Geographic Information System (GIS) computer programs began to take interest of natural resource management offices soon after mainframe computers were introduced. Operationally, analysts could create maps using data about their properties. It became an attractive addition to the land management virtual tool arsenal. However, by 1990, GIS maps generated in local offices provided only a thin map product. These were compared with the attractive USGS maps people were accustomed to. It was a time when GIS mapping was still anchored to users on mainframe computer systems.
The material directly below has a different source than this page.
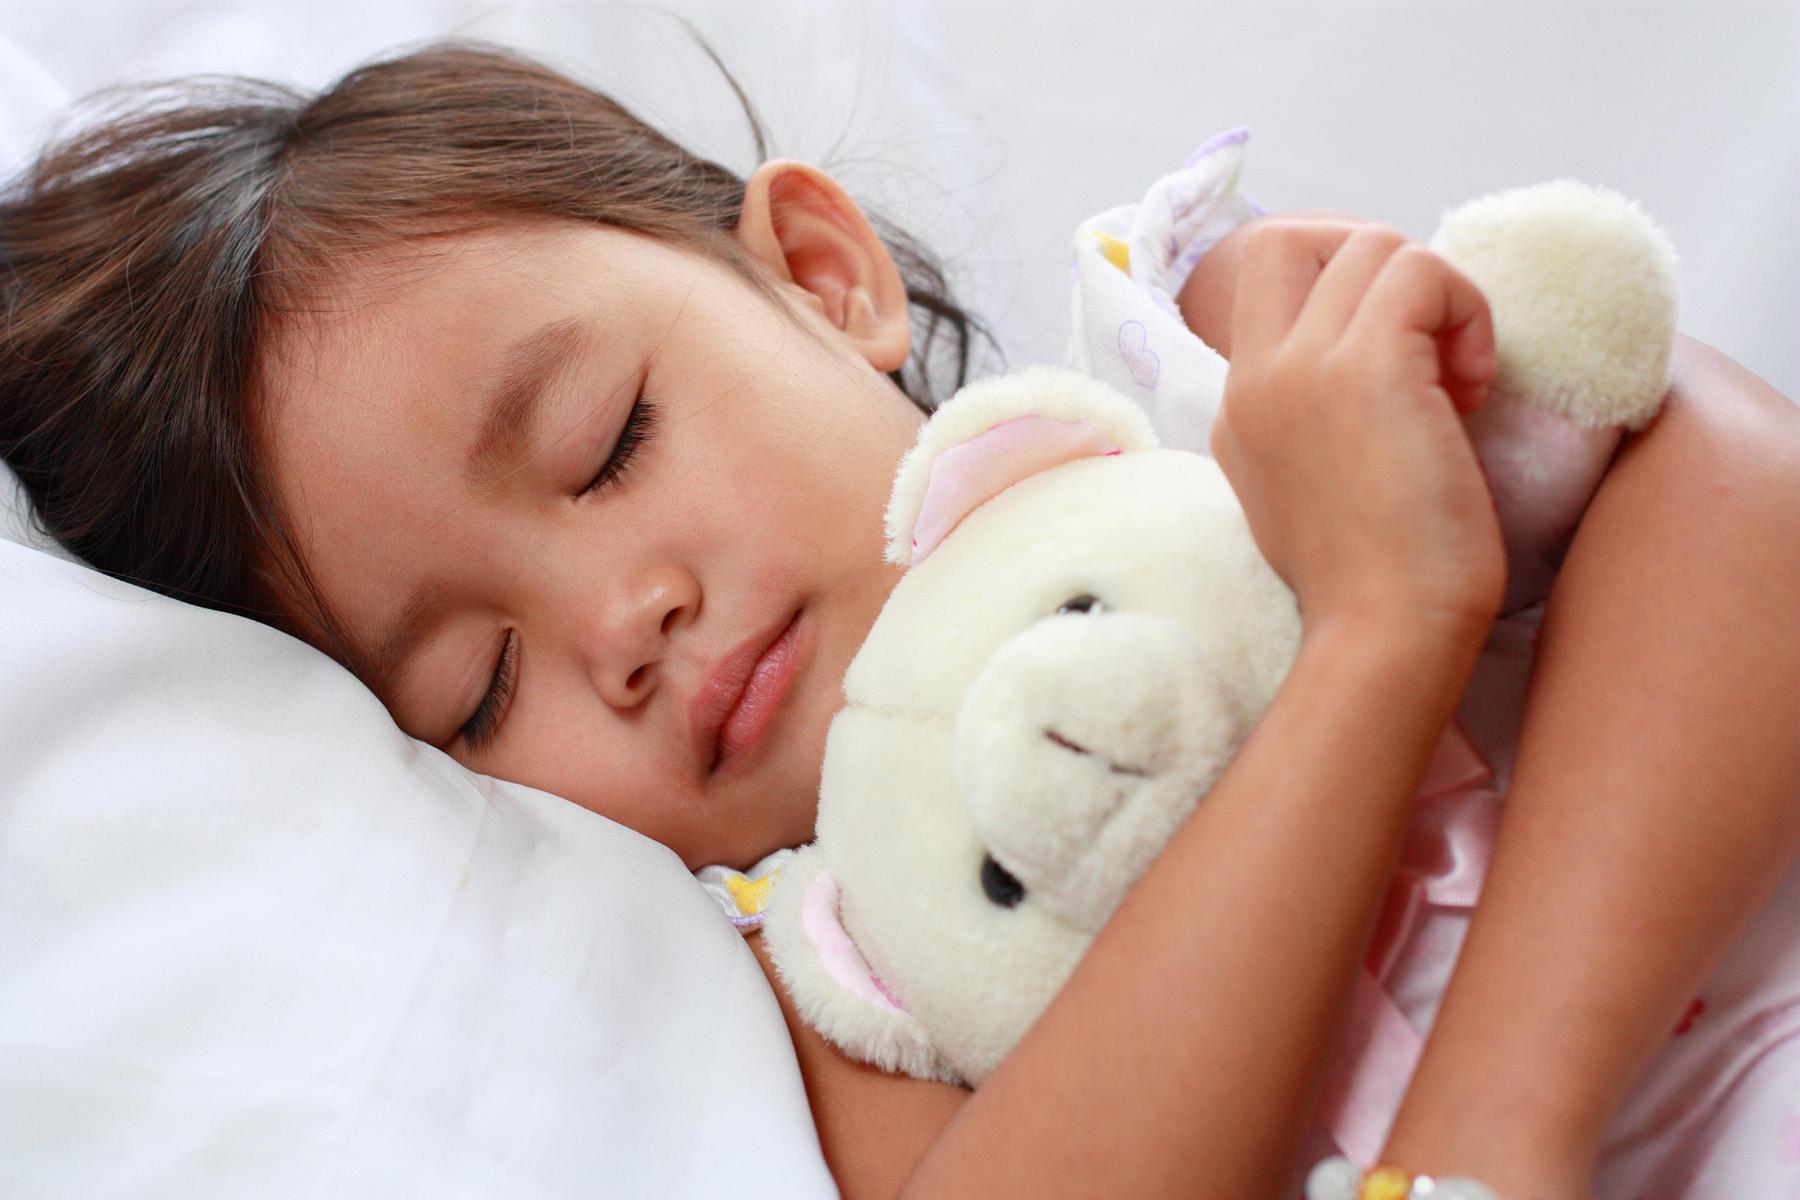 Too little sleep in preschool could mean behavior problems

This changed by mid-1990 as RAM memory and hard-drive storage capacity boosted the capacity of PC users. Network systems facilitated user-data-sharing. Two public domain GIS systems were developed in the 1970 and 80s:

  1. Map Overlay and Statistical System (MOSS GIS), and
  2. Geographic Resources Analysis Support System (GRASS GIS).

They each made the migration to the PC, but today it is GRASS GIS which gains interest. GRASS is most attractive because of its ability to analyze raster and vector data. It is licensed under the GNU General Public License (GPL). The software works on Windows, Mac OSX, and Linux computer operating systems. Did we mention, “it is Free-Ware“?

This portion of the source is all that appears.